THE advertising industry is all smiles this New Year. "Finally the market is looking bullish," said Mr Sandeep Vij, President, Optimum Media Solutions (OMS), indicating the optimism of the advertising fraternity.

It's been quite a landmark year for the advertising industry that crossed the Rs 10,000-crore mark thanks to a good monsoon, booming stock markets and a growing economy. After experiencing flat growth in the previous year, the industry is on a revival mode with an 8-10 per cent growth rate.

According to industry estimates compiled by research agency TAM India, in 2003, the total size of the industry is Rs 10,300 crore compared to Rs 9,509 crore in the previous year. Television had a 42 per cent share with spends of Rs 4,300 crore and press garnered 45 per cent of the pie with advertising of Rs 4,660 crore. And the party is expected to continue in 2004 as well.

"This size of the advertising market crossed the Rs 10,000-crore mark and the categories which stormed include two-wheelers, telecom service companies, soft drinks and fast moving consumer goods leading the pack," said Mr Atul Phadnis, Director, S-Group, TAM India.

"There is lot of optimism as clients are investing more and they are able to get a good return on investment," said Ms Vibha Desai, Executive Director, Ogilvy & Mather (O&M).

During the World Cup early this year, the total advertising for the tournament touched a whopping Rs 400 crore. "We expected the ad budgets to remain low during the rest of the year. But the good monsoon led companies to rework their advertising plans," said a Delhi-based media planner.

While industry estimates that ad spends went up by 15-25 per cent during the festive season, a Mindshare-Maximise study indicated that due to strong demand for durables, housing and auto segments, the ad industry was set to grow at the rate of 12 per cent this year.

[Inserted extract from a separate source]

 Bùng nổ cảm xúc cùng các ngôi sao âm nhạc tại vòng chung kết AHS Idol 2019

Though television continued to dominate the advertising scene and the gap between it and the print media narrowed, this year there was a renewed interest in the latter. "Print also made a comeback this year. Categories such as durables, automobiles, telecom and financial services are natural advertisers in print as these products have a male skew," said Mr Sandip Tarkas, President, MPG (part of Havas Group). There were also greater associations with events, films and festival poojas.

Also, the year saw companies' spending money on brand building. "There was greater focus on branding at the point of sale, through signage and on packaging, and on mall activity, where sales actually take place,'' said the media planner.

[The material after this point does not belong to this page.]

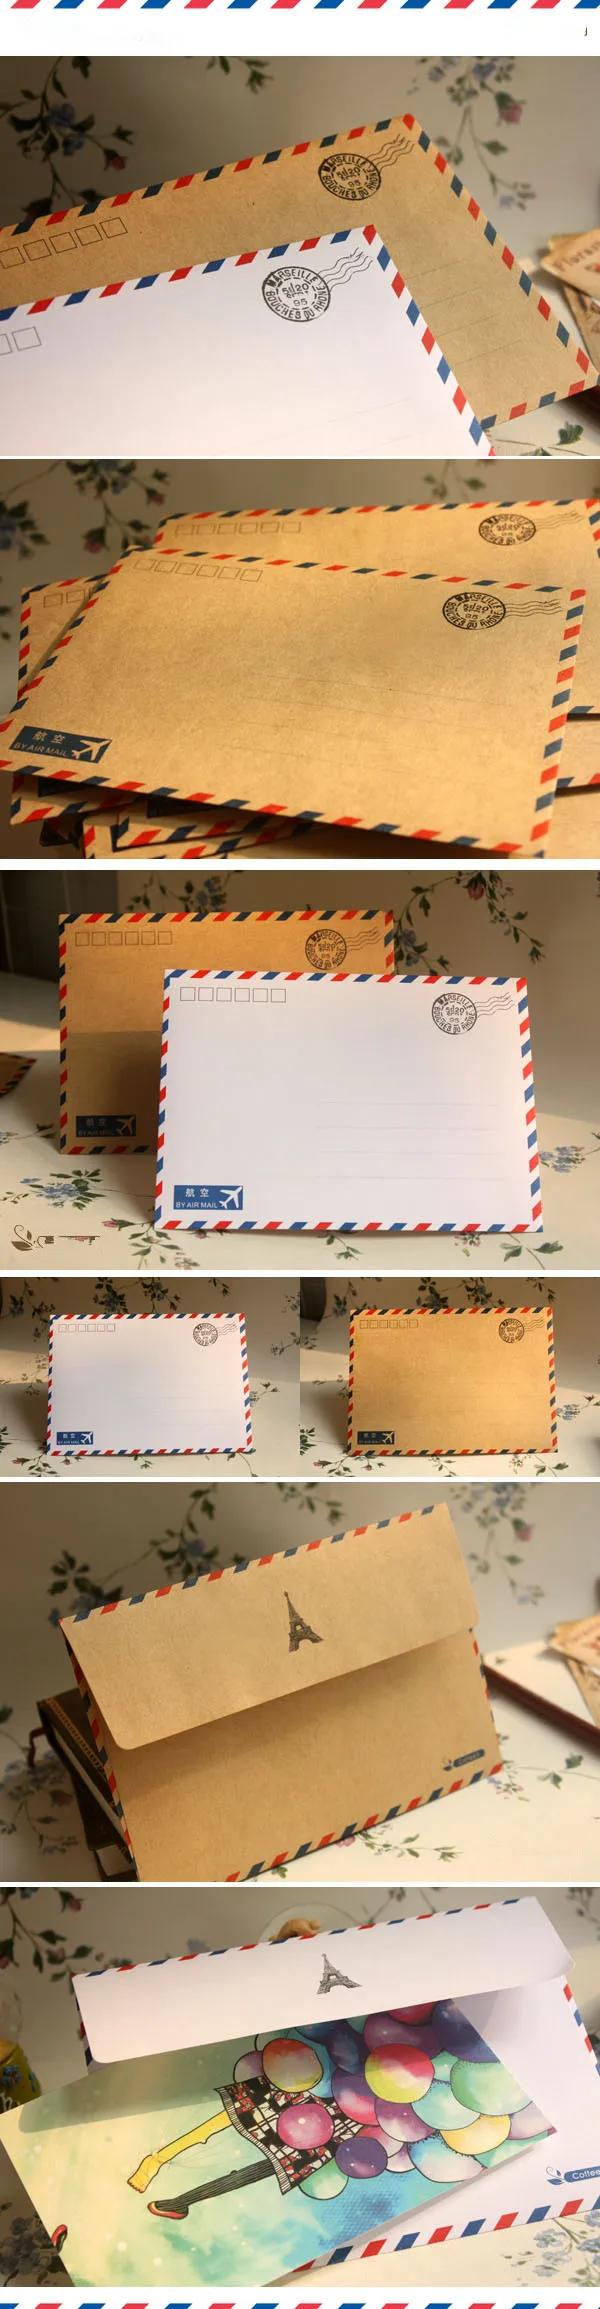 Coloffice 10 шт./лот большой Почтовые открытки бумага для писем Бумага конверт ручной работы Винтаж конверт для студент, школа, офис, подарок

So going forward how does 2004 look? The ad industry feels that the current growth rate could be sustained. Optimists felt that it could even touch 15 per cent with the emergence of new advertising mediums.

"Broadband seems to be real now, mobile telephony is becoming a medium. Consultancies are springing up; verticals are being set up. Even traditional print companies are loosening up and getting off their high stool and getting receptive to new ways. With industry and media looking so optimistic the next year should see all of us smiling," said Mr Vij.

According to Mr Tarkas, next year could see the emergence of personalised advertising.